**PROVIDED DATA:**
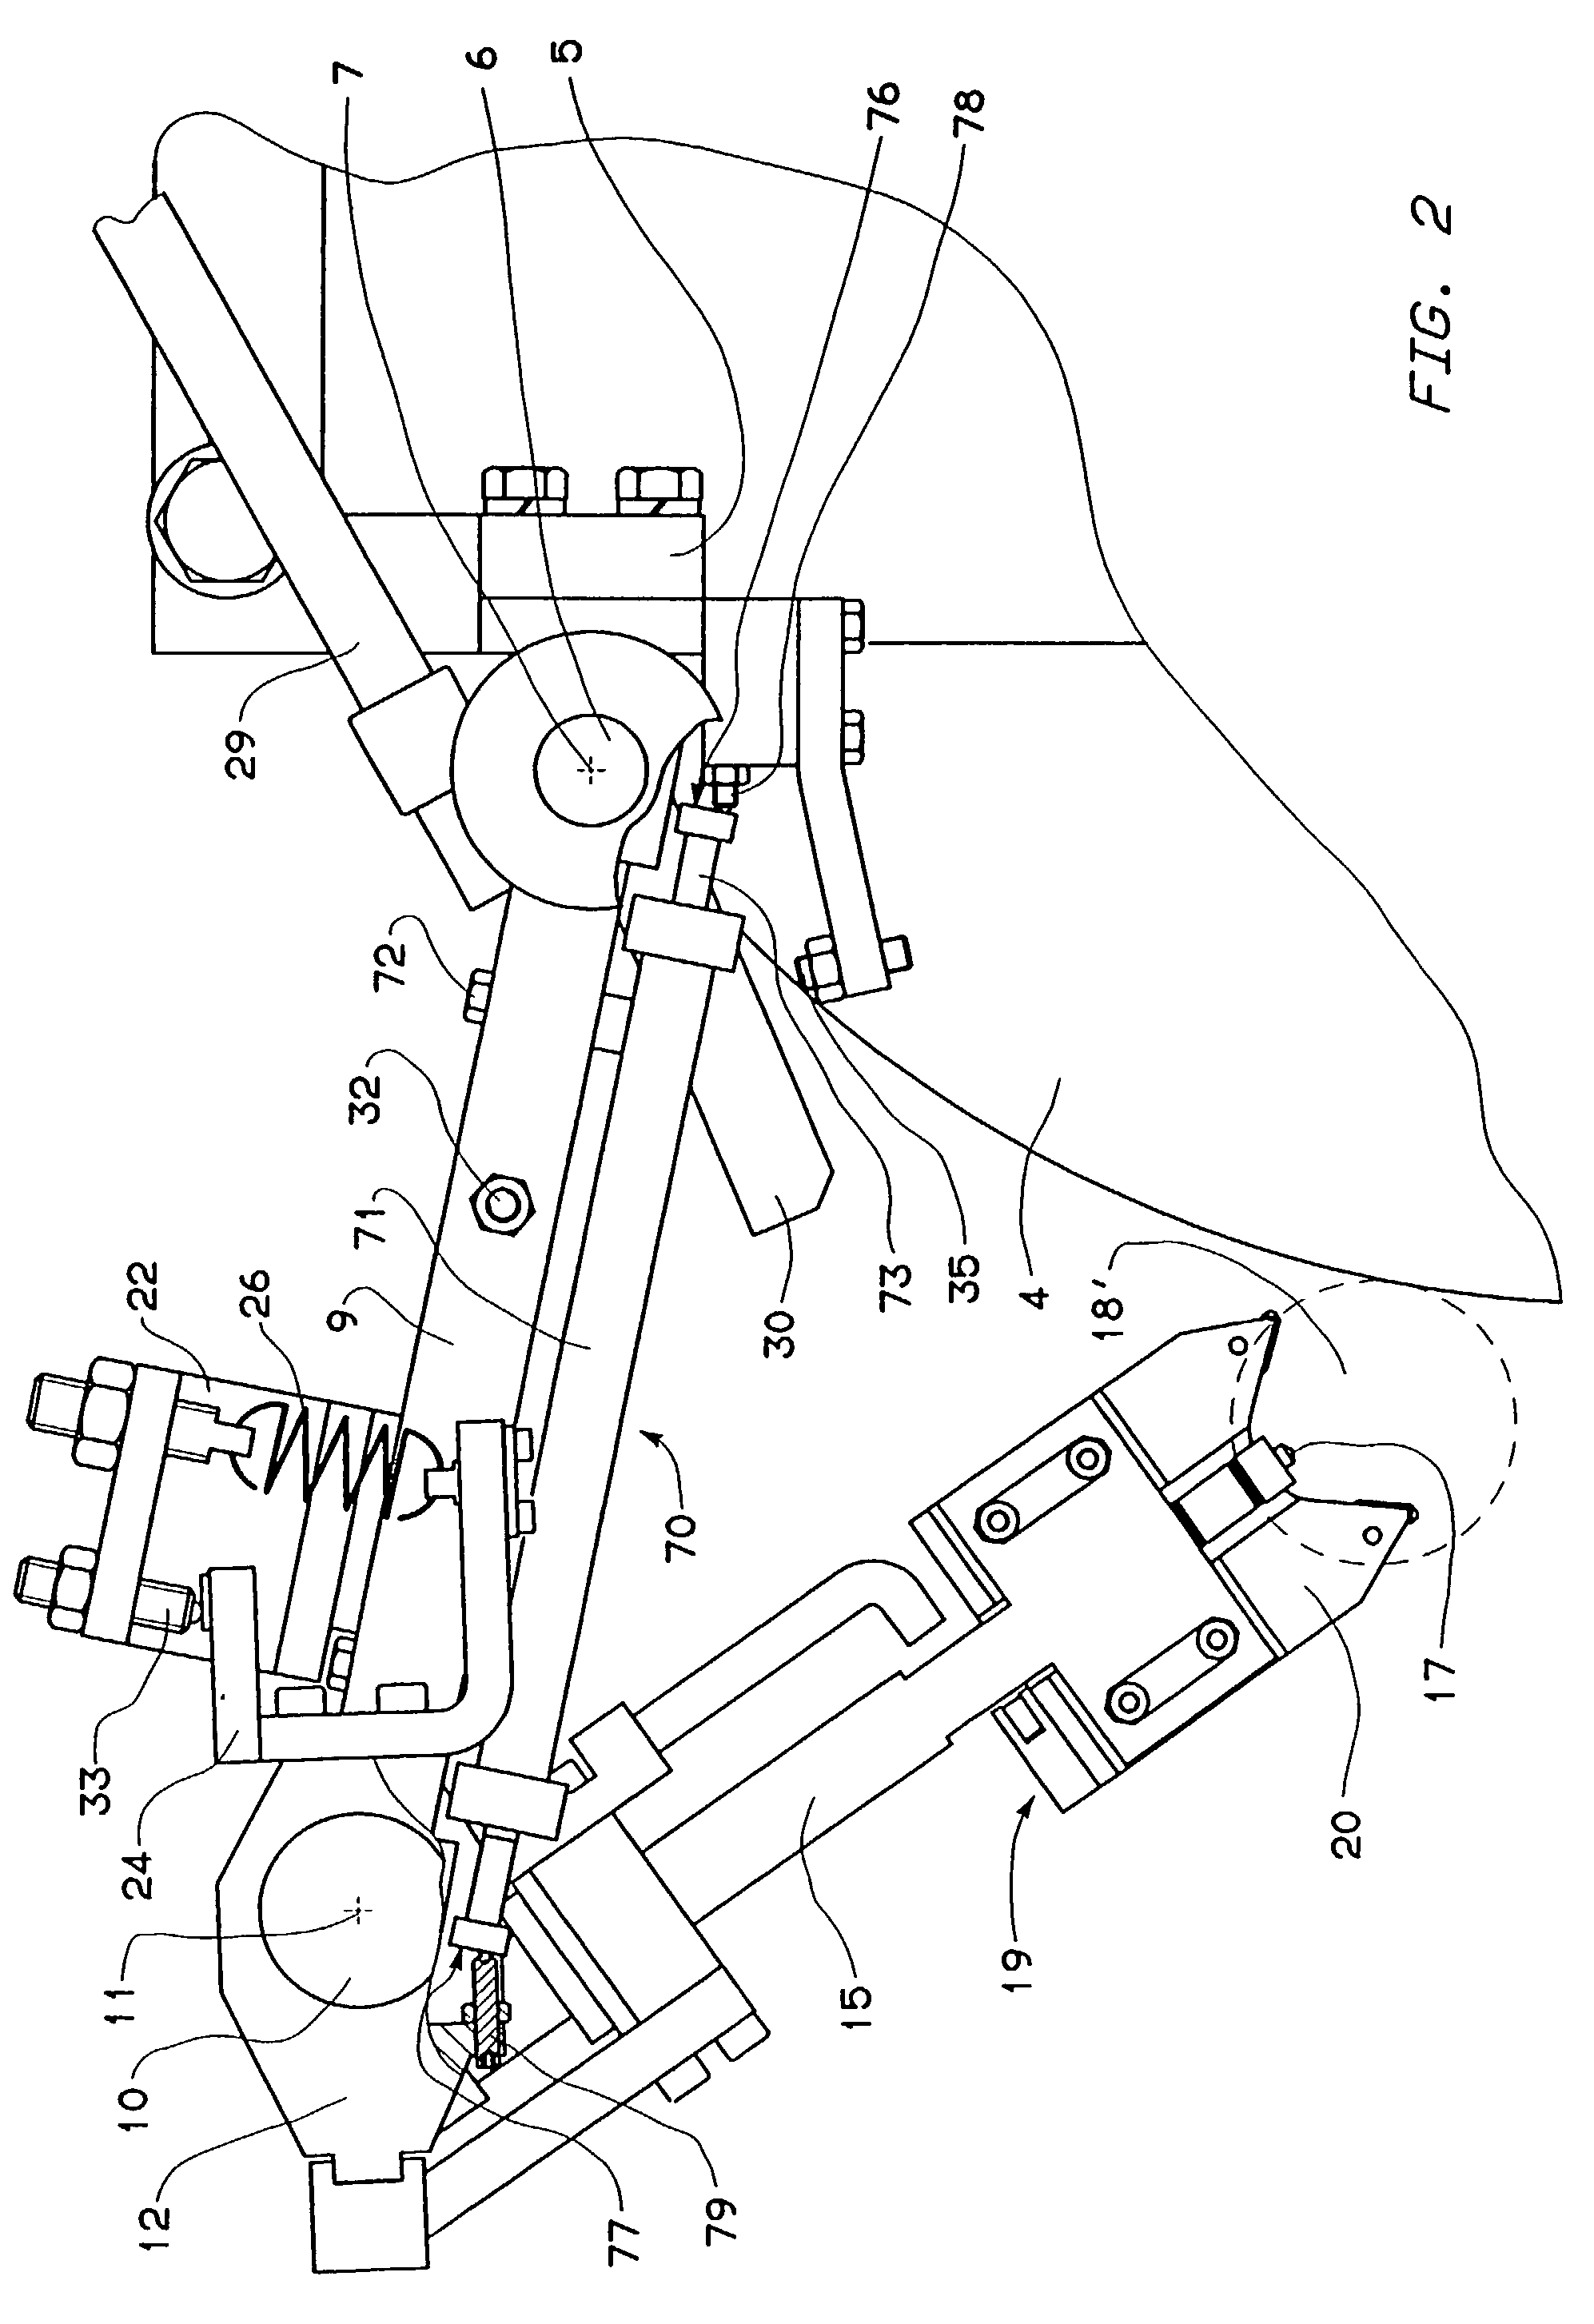 Apparatus for the in-process dimensional checking of cylindrical parts
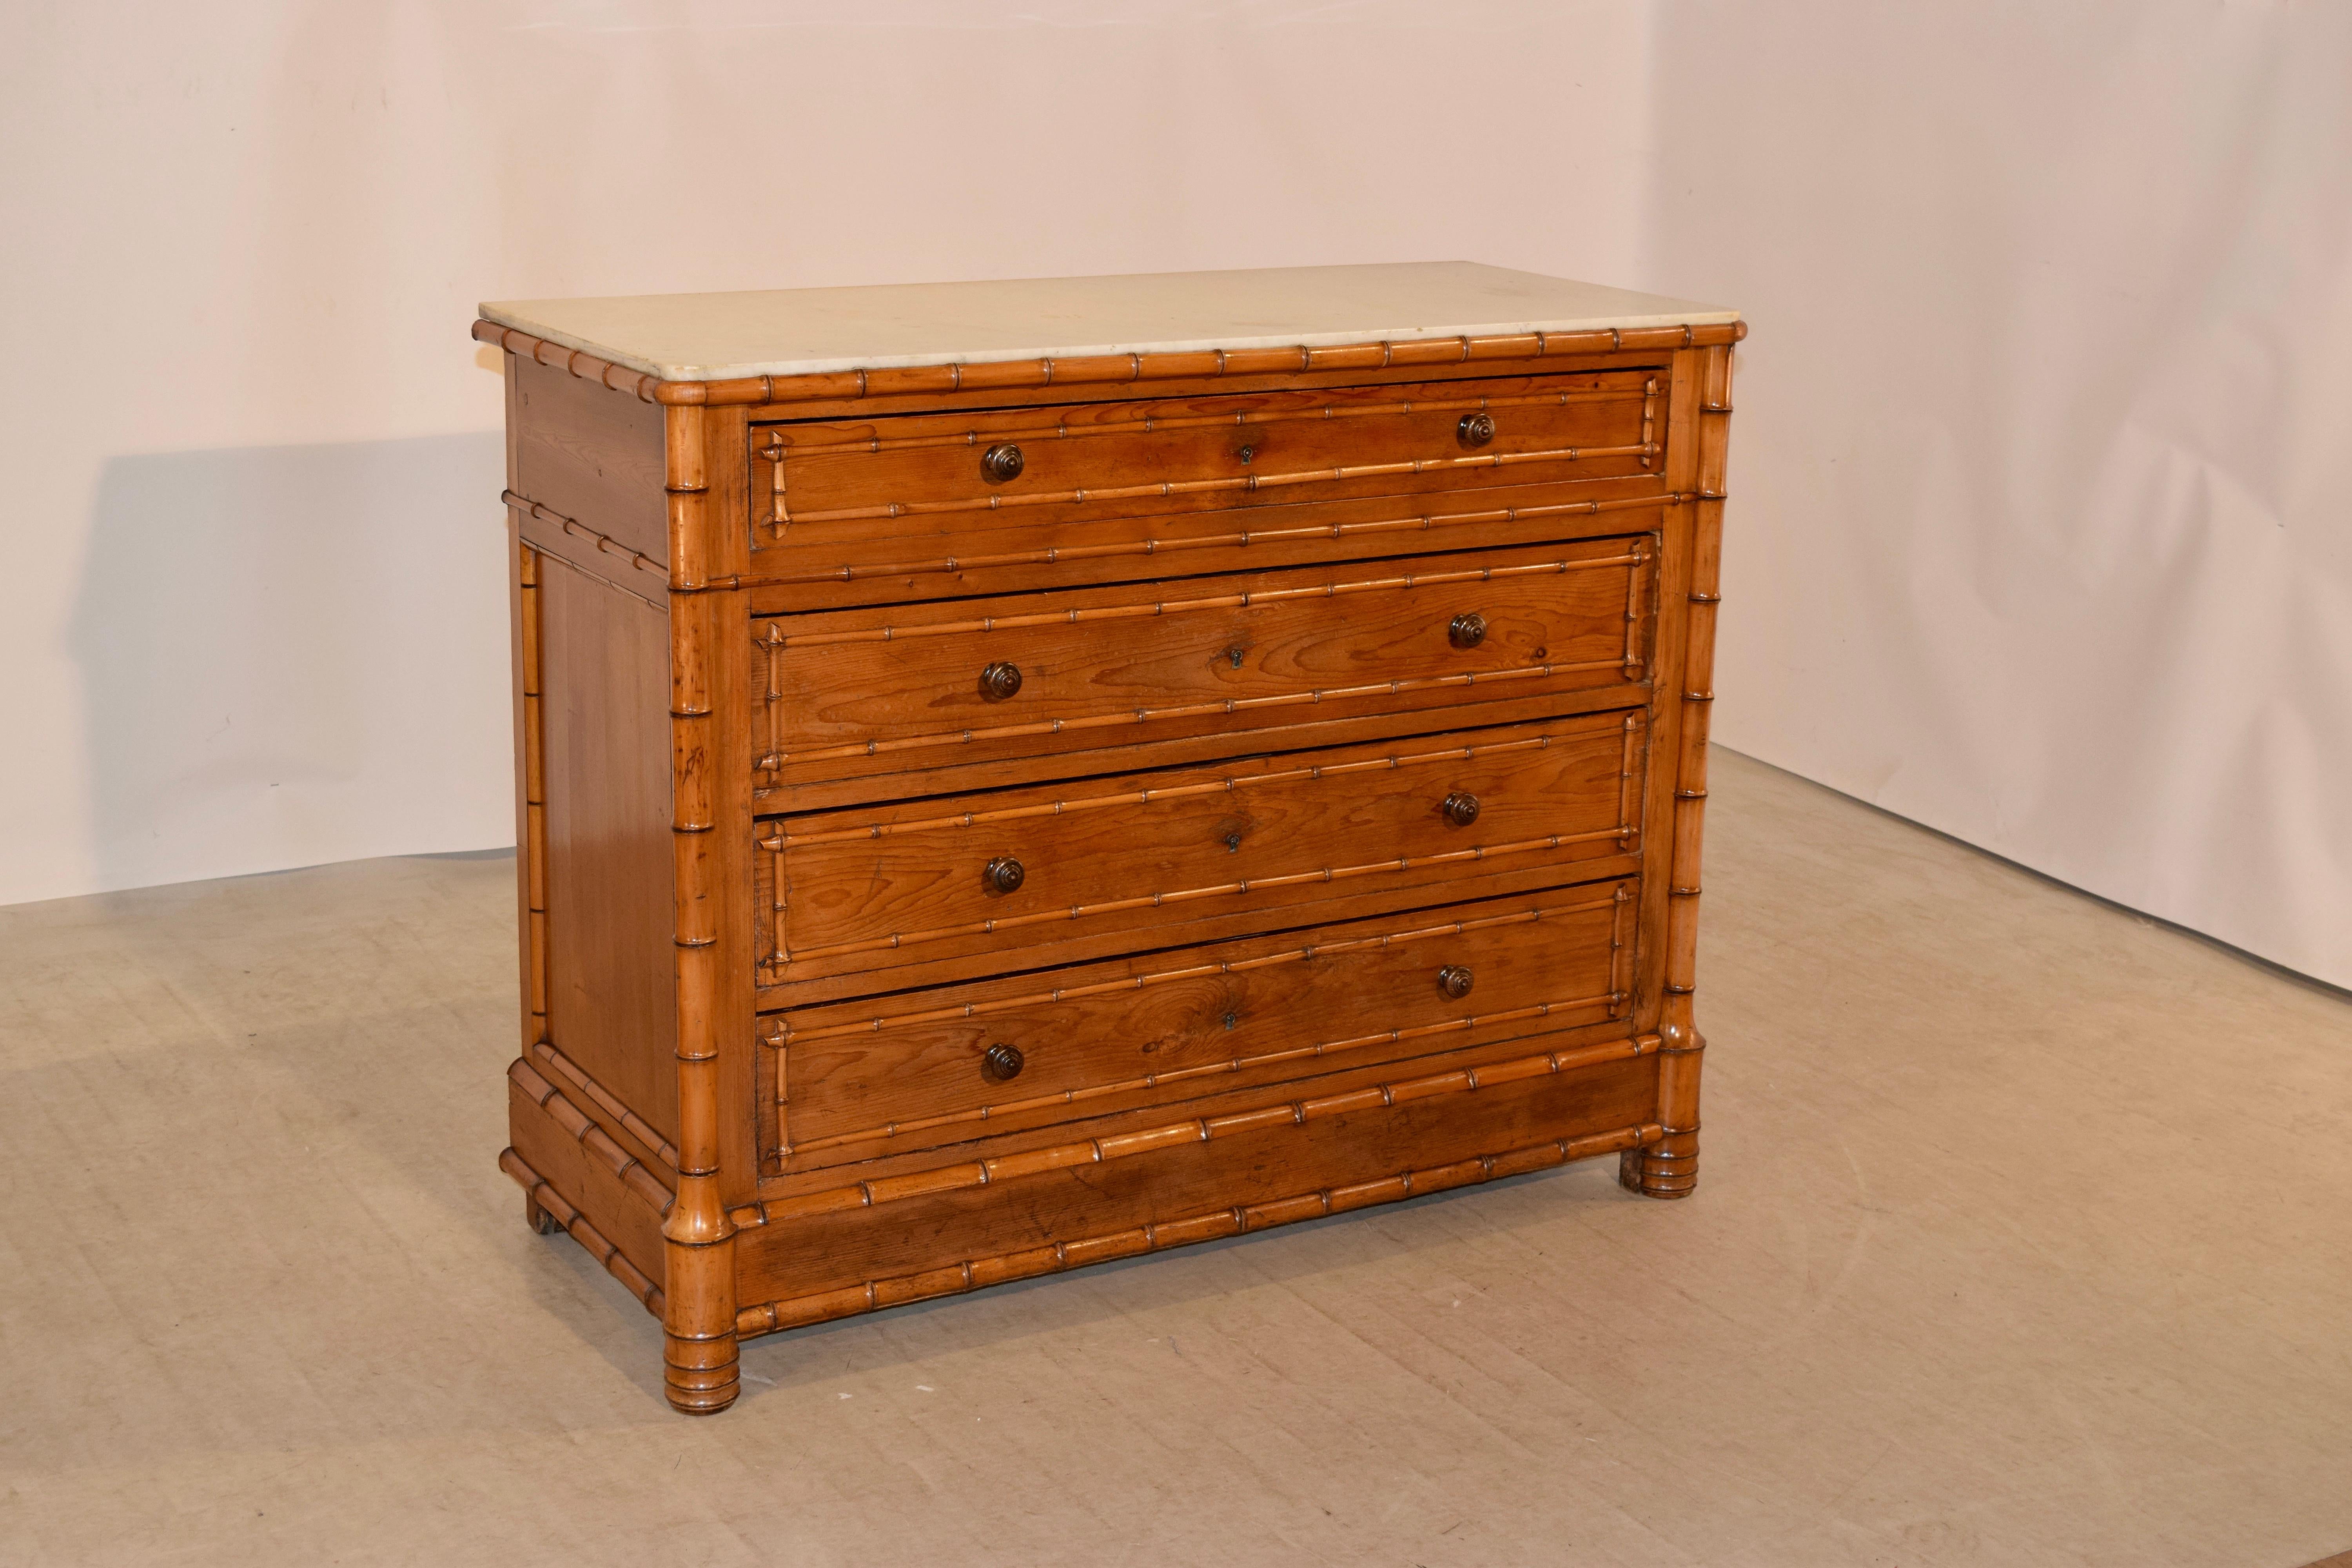 19th century French faux bamboo chest of drawers made from cherry. The top retains the original marble, banded by faux bamboo molded decoration, following down to hand paneled sides and four drawers in the front of the case, all with hand-turned
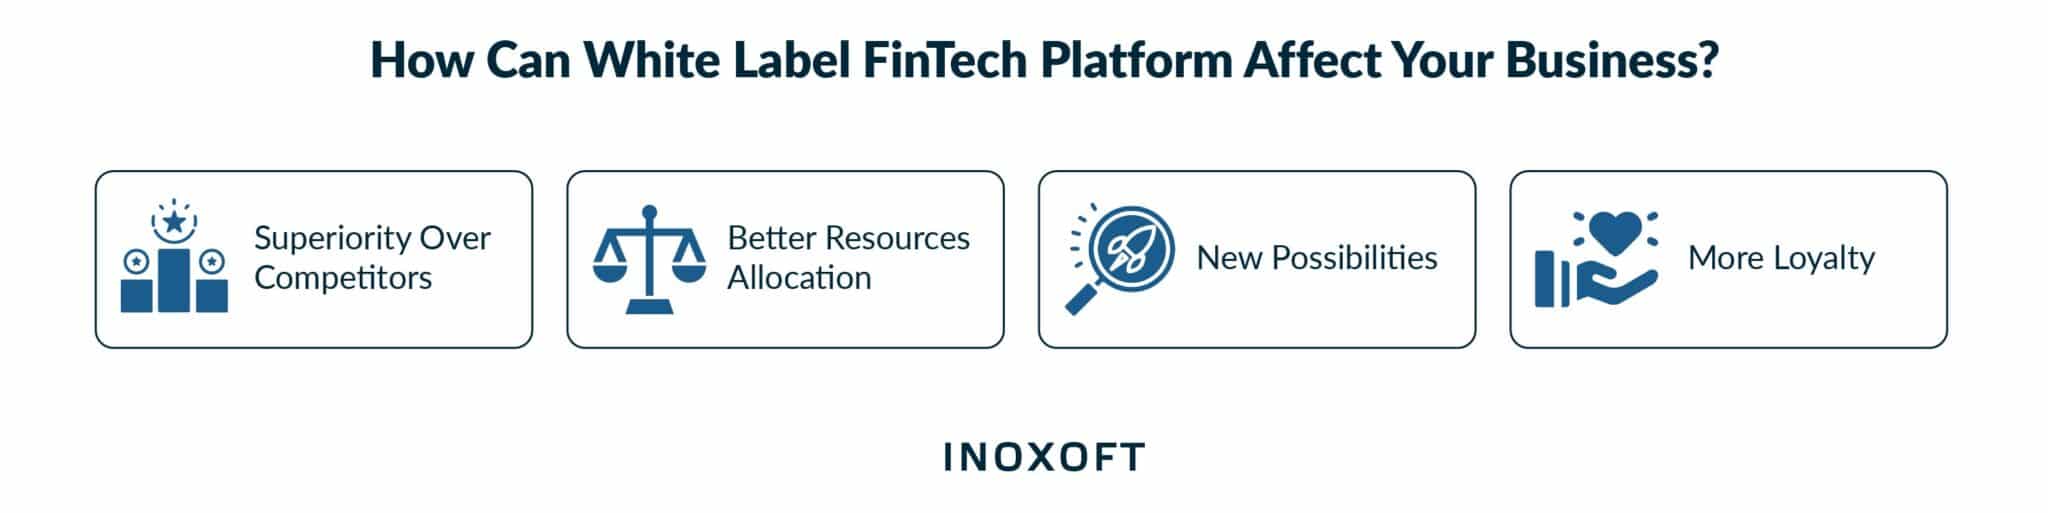 How Can White Label FinTech Platform Affect Your Business?

**EXERCISE INSTRUCTIONS:** Write the listing above out again word for word, excluding all images.

**EXERCISE OUTPUT:**
 Apparatus for the in-process dimensional checking of cylindrical parts
 19th century French faux bamboo chest of drawers made from cherry. The top retains the original marble, banded by faux bamboo molded decoration, following down to hand paneled sides and four drawers in the front of the case, all with hand-turned
 How Can White Label FinTech Platform Affect Your Business?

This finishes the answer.